## DATASET SECTION
BEGIN

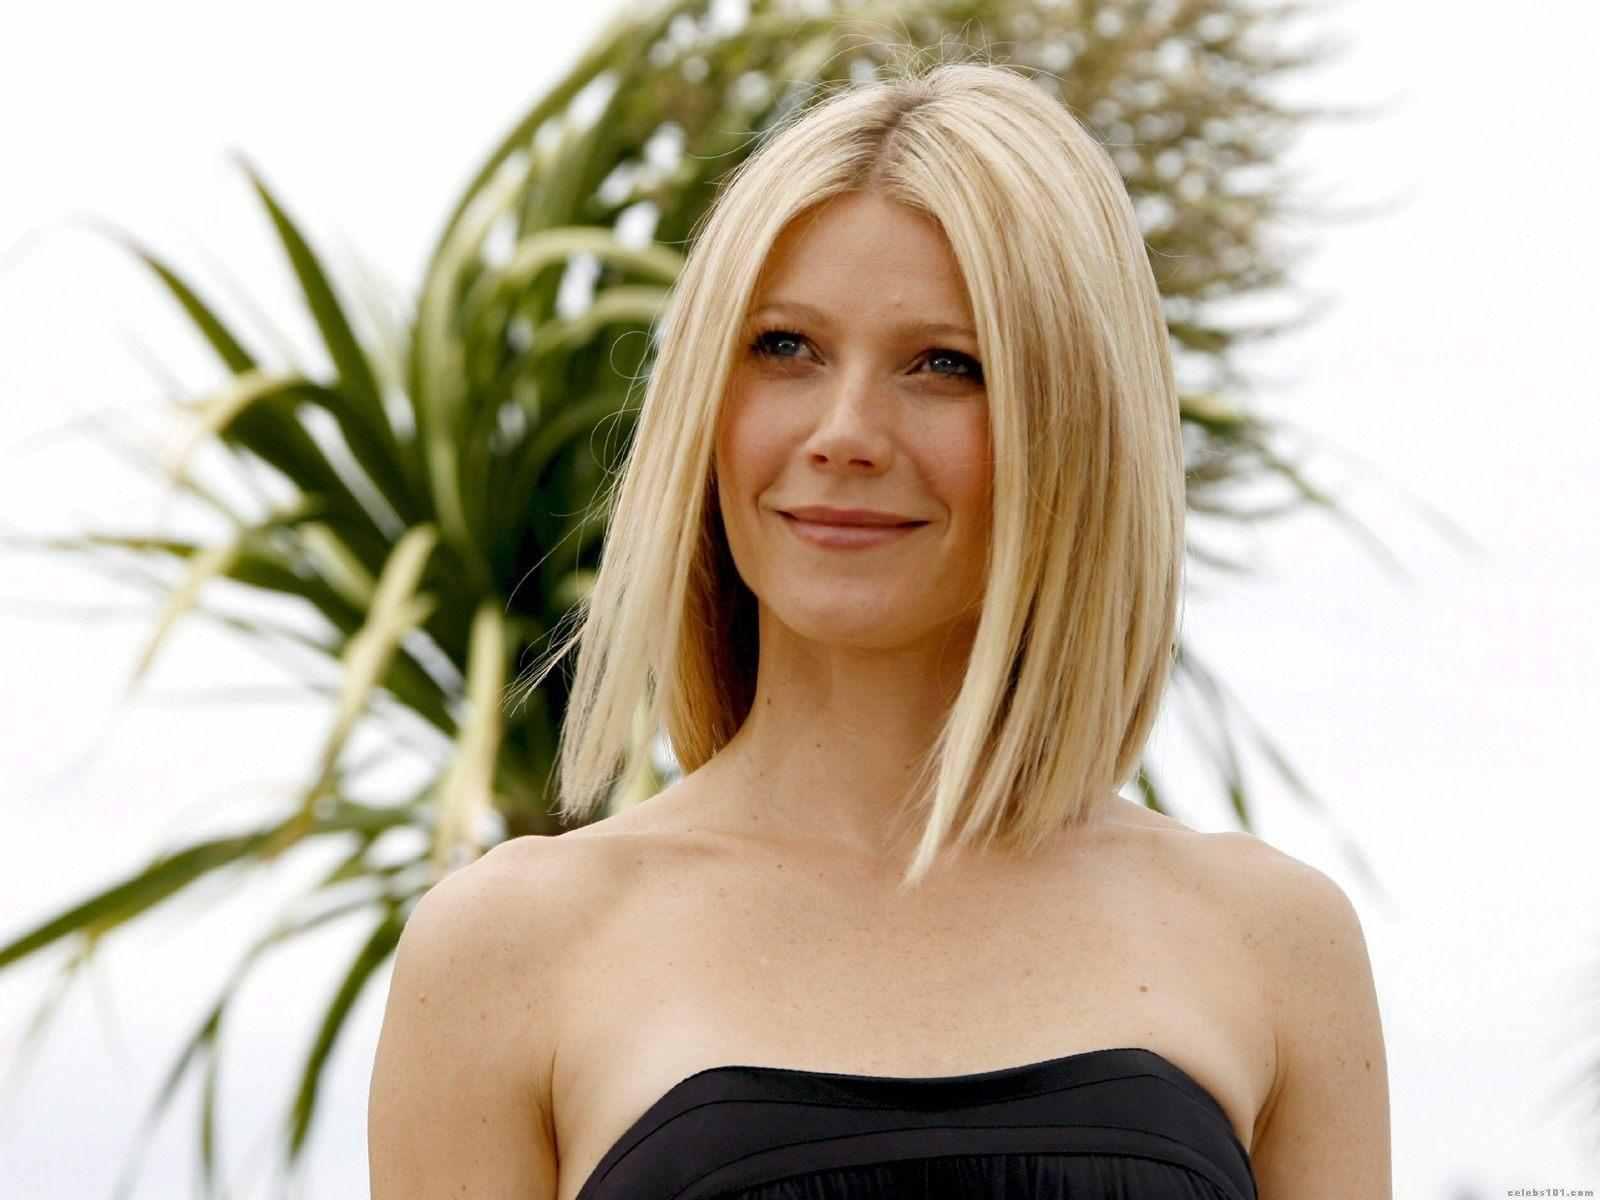 http://2.bp.blogspot.com/-kOnnCrJWrWE/TmSoWYQKbCI/AAAAAAAAAMk/qdur-s67Ap0/s1600/Gwyneth_Paltrow.jpg
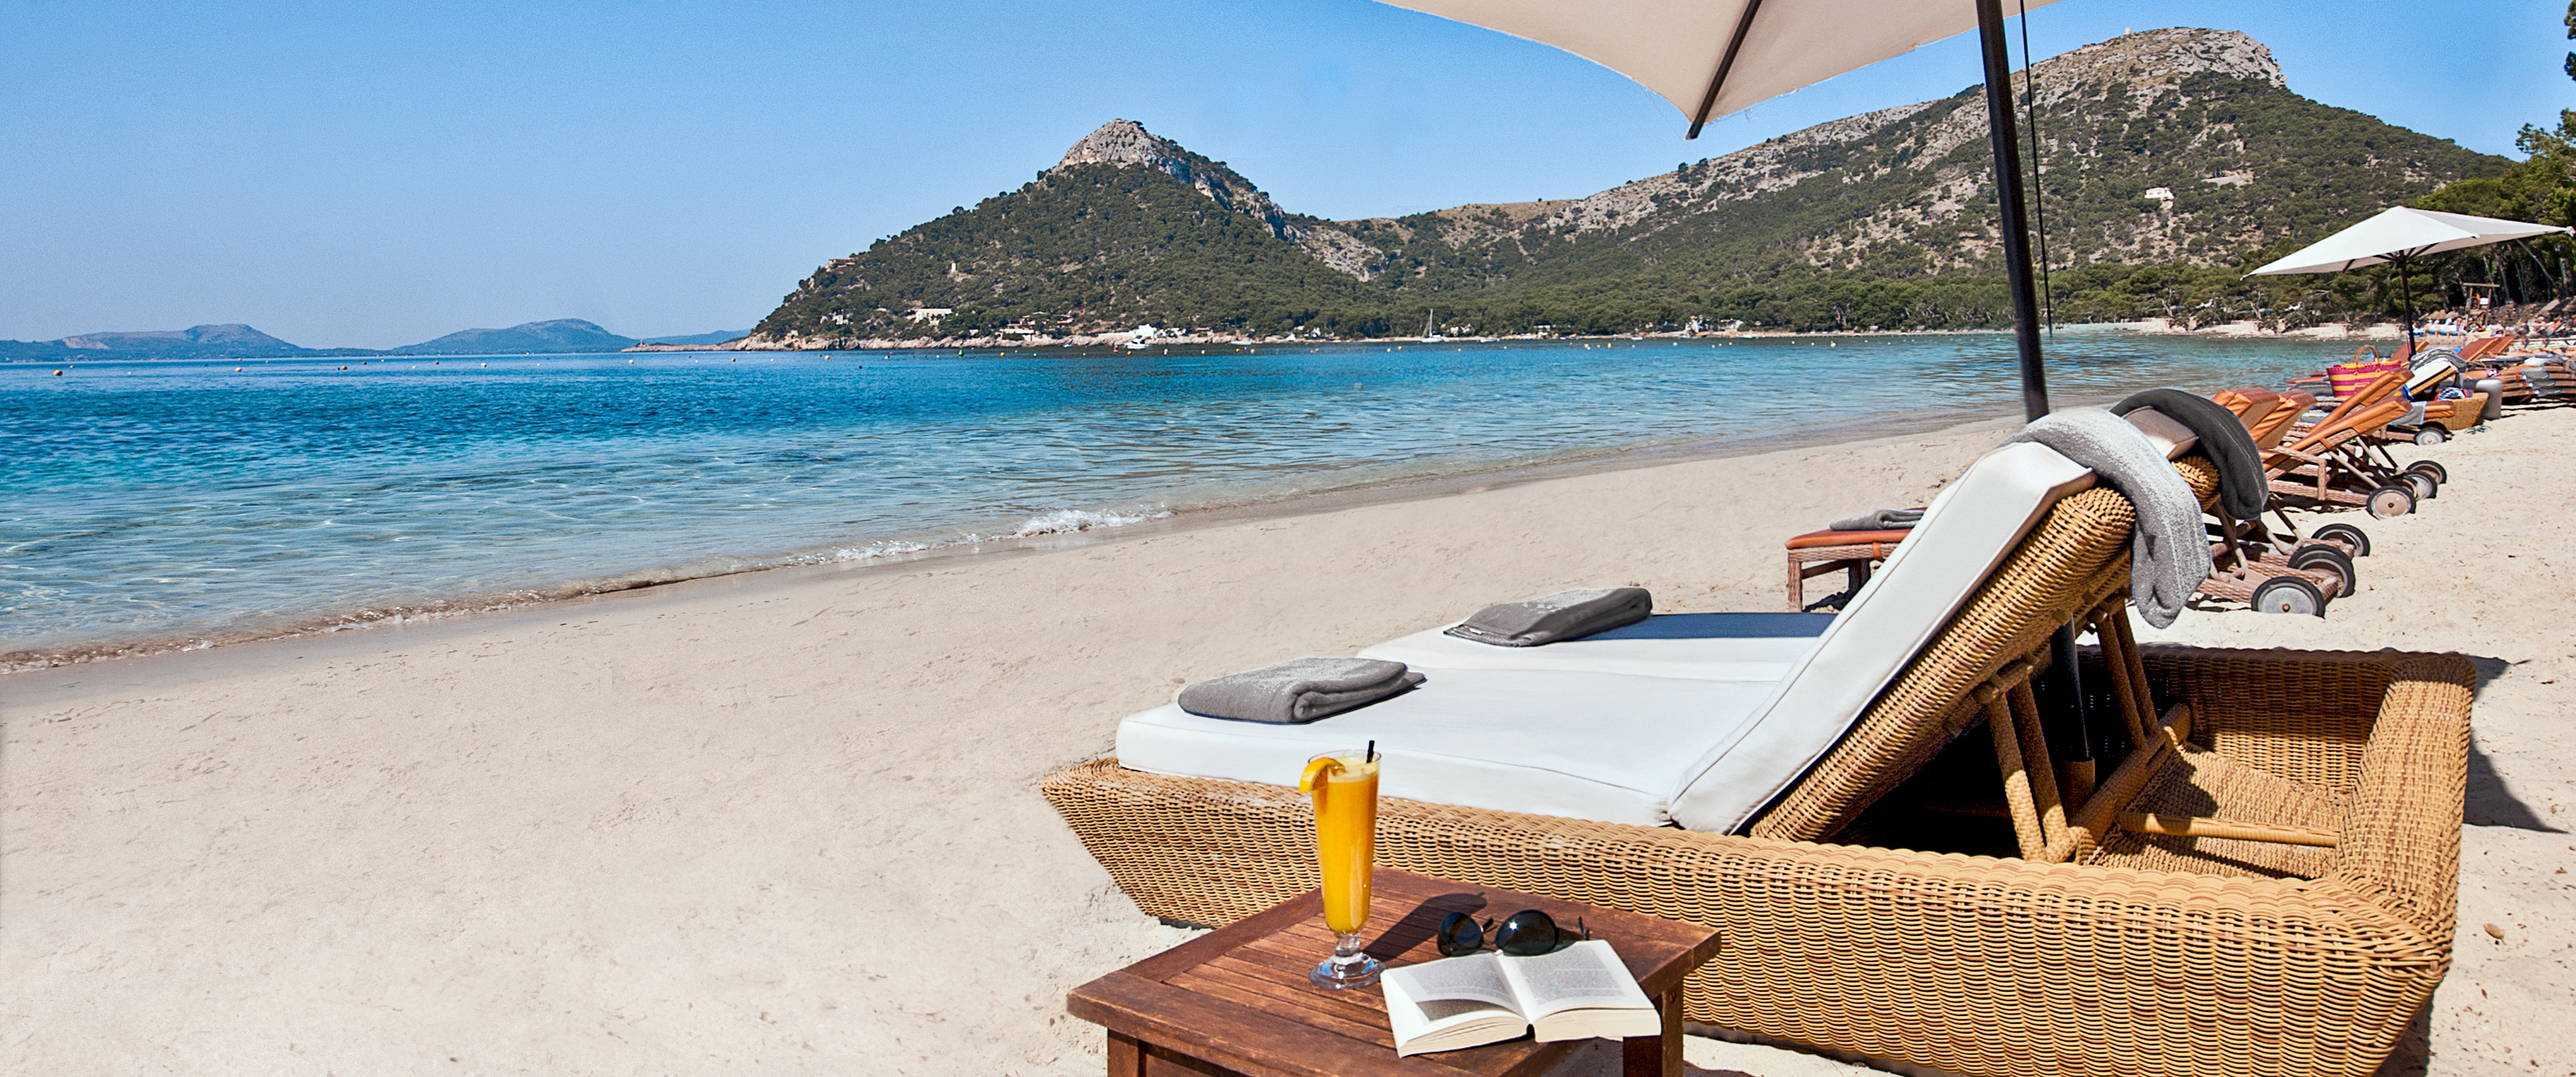 royal-hideaway-formentor-beach
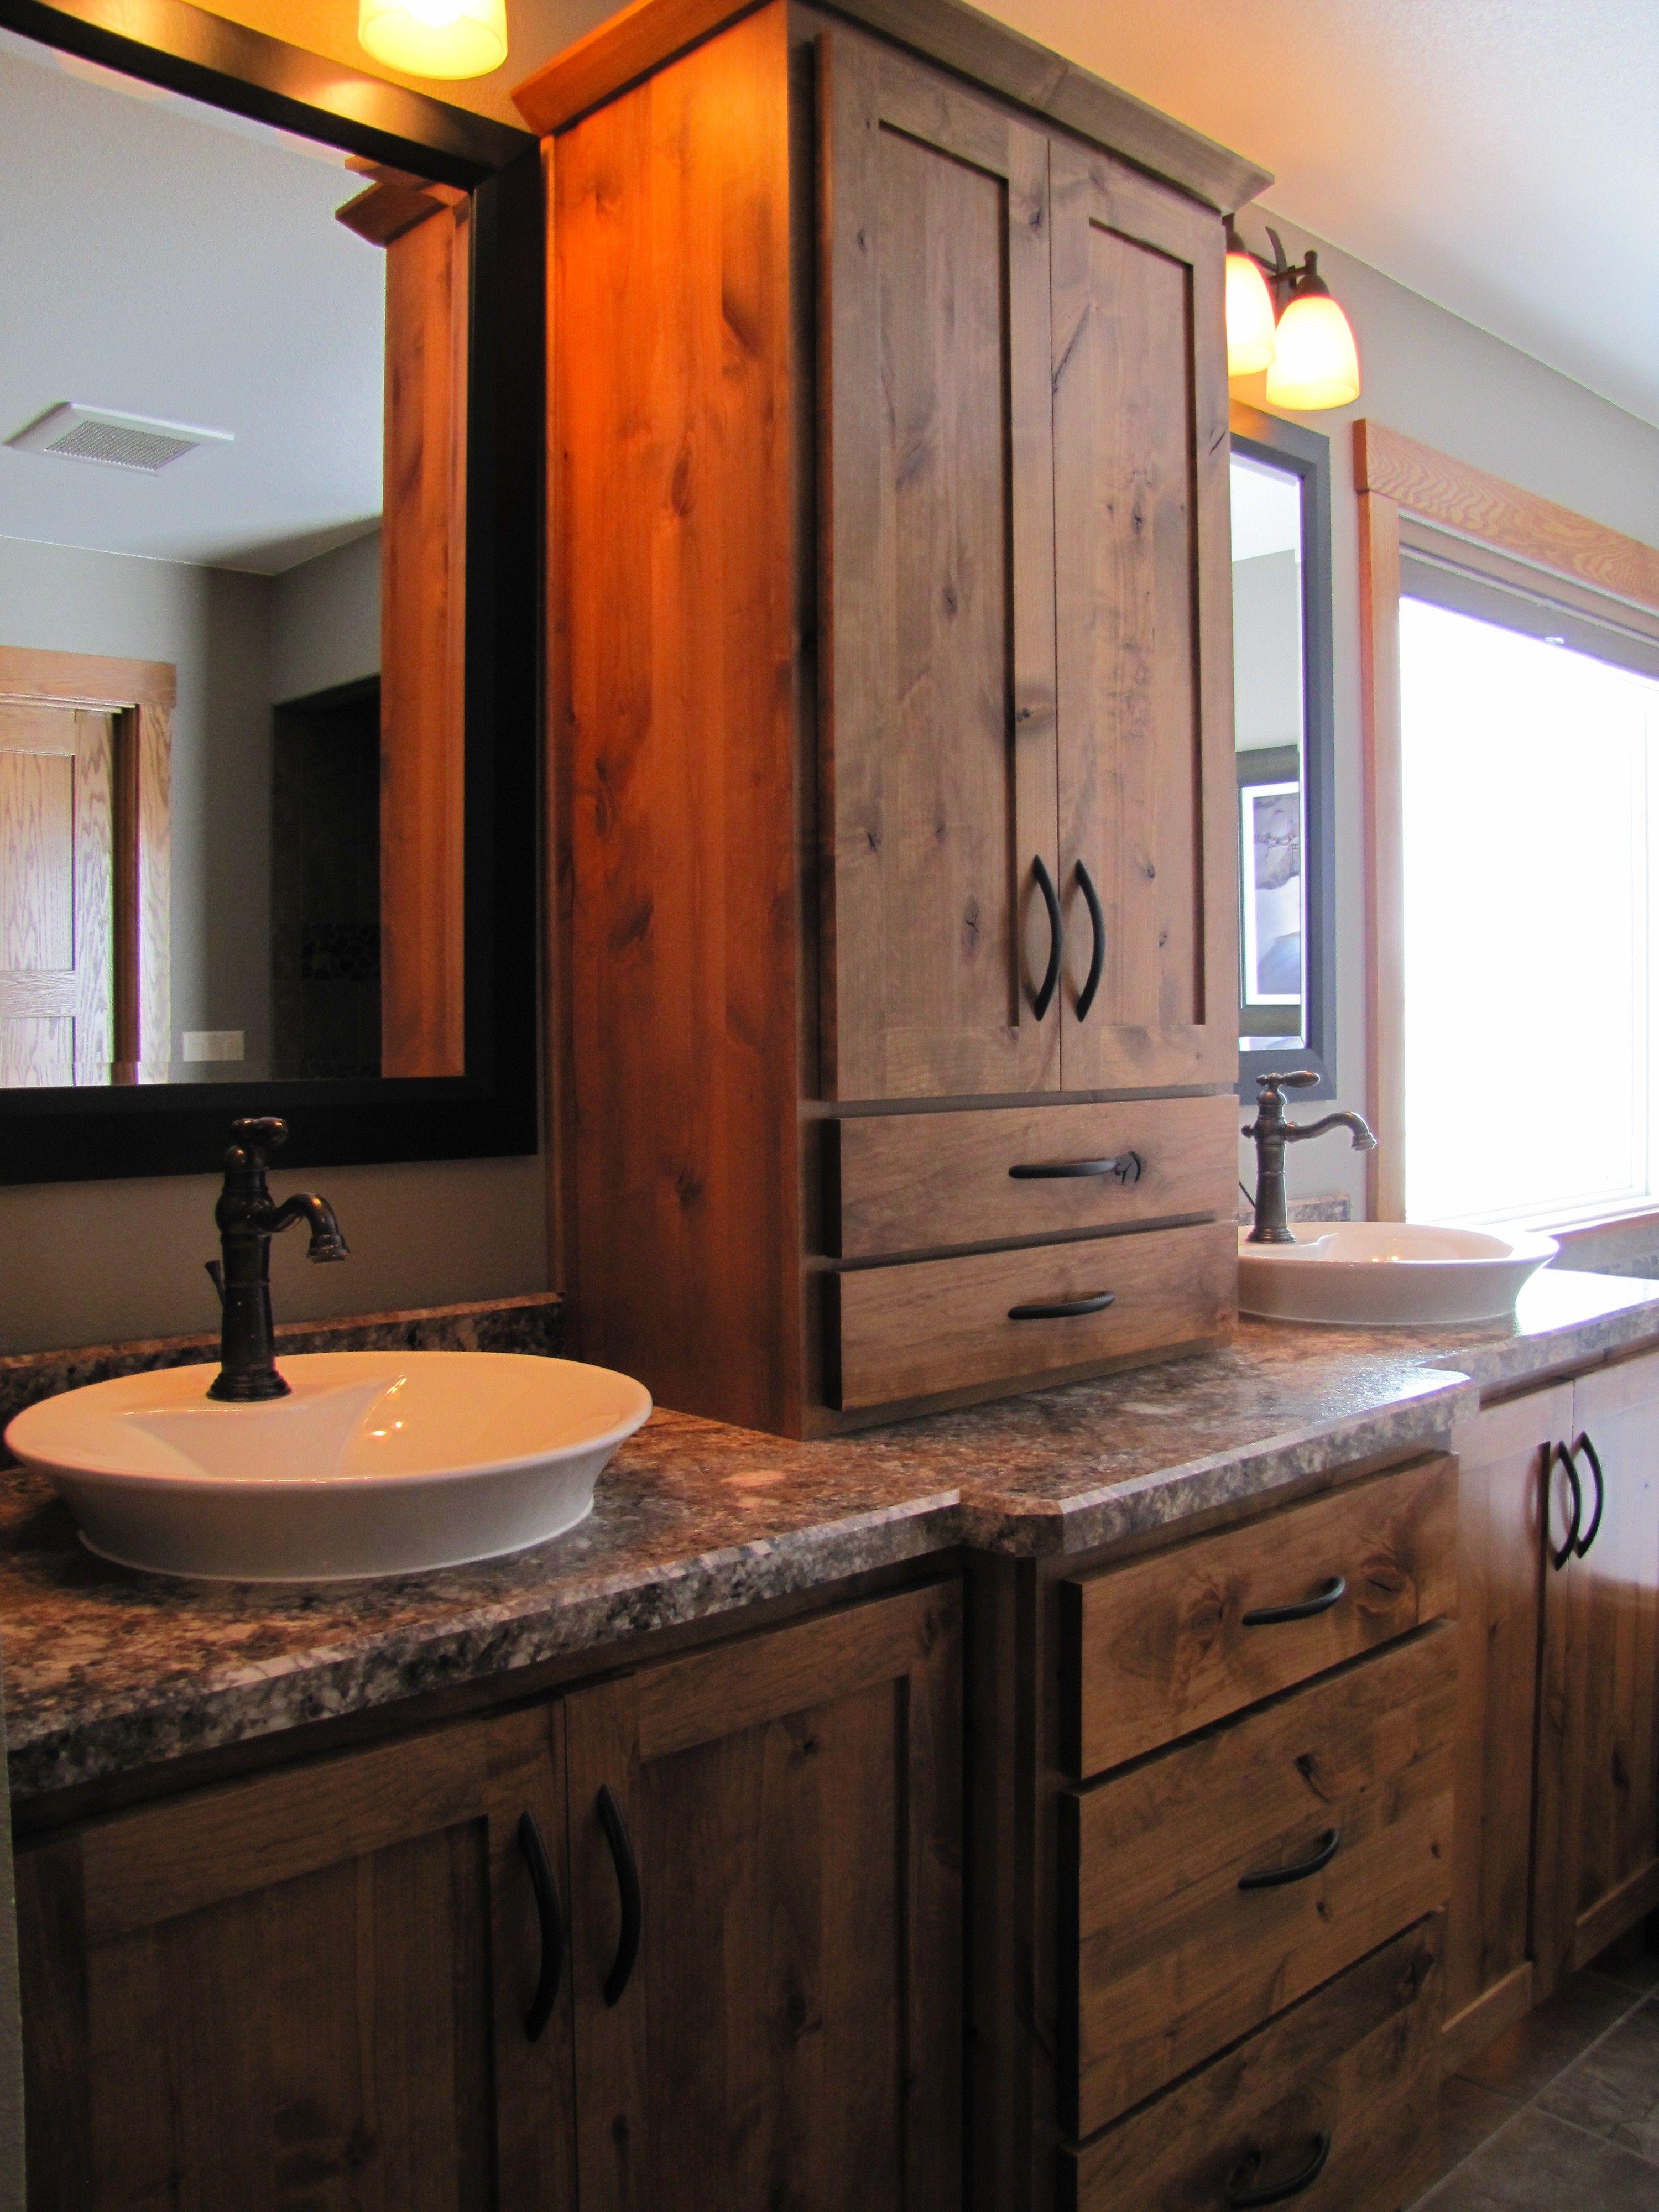 bathroom vanities cabinets sitemenardscom simple and affordable vanity bathroom cabinets home furniture rustic bathroom vanities rusti - Menards Bathroom Vanities

END

## REQUIREMENT
Copy the listing above verbatim; the pictures it contains are to stay out.

## TASK RESULT
 http://2.bp.blogspot.com/-kOnnCrJWrWE/TmSoWYQKbCI/AAAAAAAAAMk/qdur-s67Ap0/s1600/Gwyneth_Paltrow.jpg
 royal-hideaway-formentor-beach
 bathroom vanities cabinets sitemenardscom simple and affordable vanity bathroom cabinets home furniture rustic bathroom vanities rusti - Menards Bathroom Vanities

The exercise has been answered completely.